Nun schließt sich nach viel Analyse die Frage an:

Was kann man_frau dagegen tun?

Soweit die bisherigen Thesen stimmen, können wir sowohl individuell als auch gesellschaftlich, historisch wie interkulturell nachsehen, was gegen Queerphobie und andere Unterdrückungsphänomene wie Sexismus und Xenophobie geholfen hat. Dabei versuchen wir bereits mit unserer Sprache bzw. dem Schriftbild darauf hinzuweisen, dass die Räume zwischen Mann und Frau, zwischen hetero- und homosexuell, zwischen Asexualität und Polyamorie fließend sind.

Die gendersensible Sprache, wie sie z.

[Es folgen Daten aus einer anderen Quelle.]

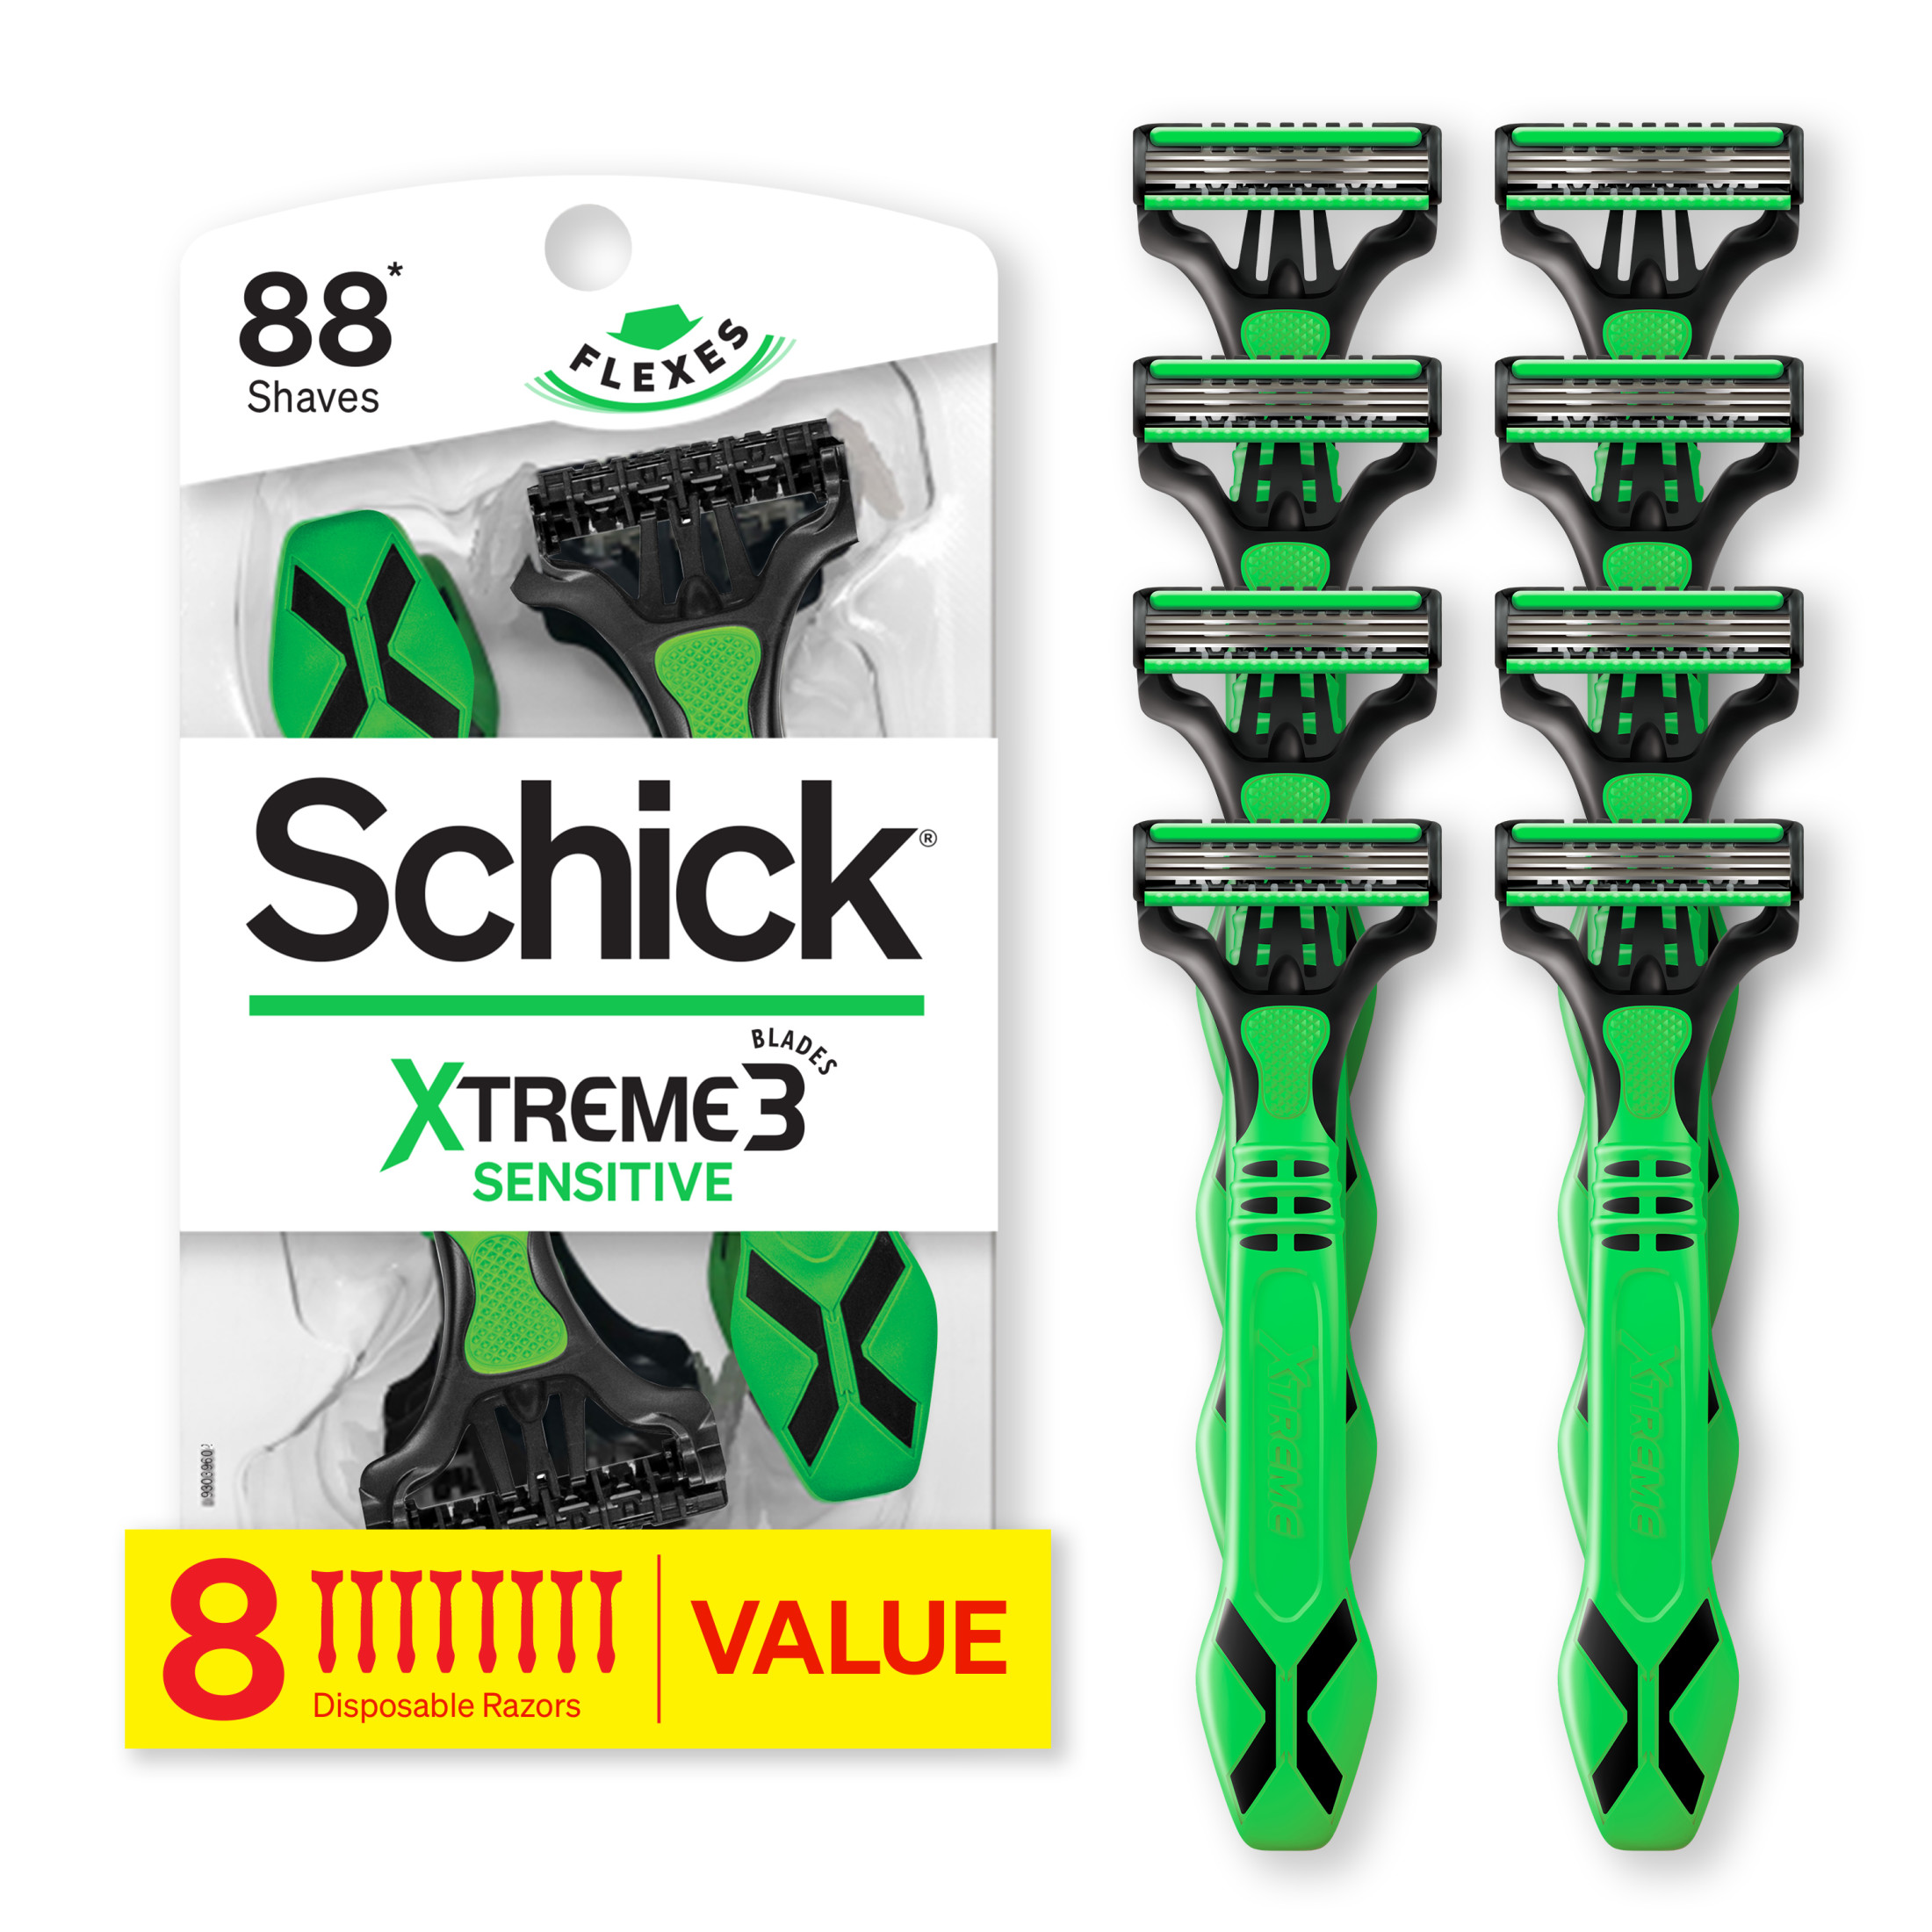 Schick Xtreme 3 Blade Disposable Razors for Men, 8 ct, Men's Sensitive Skin Razor Pack, Protects Skin from Irritation - image 1 of 11

B. von der Frauenbeauftragten der Universität München in einem Leitfaden zusammengefasst wird, schlägt für allgemeine wie spezifische Personenbezeichnungen diverse Schreibweisen vor, wobei sich im Hinblick auf Transgender, Bigender oder Intersexualität weitere Überlegungen ergeben, die den Transfer oder ein Zwischenstadium beschreiben können:

  • Geschlechtsneutrale Bezeichnung von Personen: „Lesende" statt „Leser" oder „Leserin"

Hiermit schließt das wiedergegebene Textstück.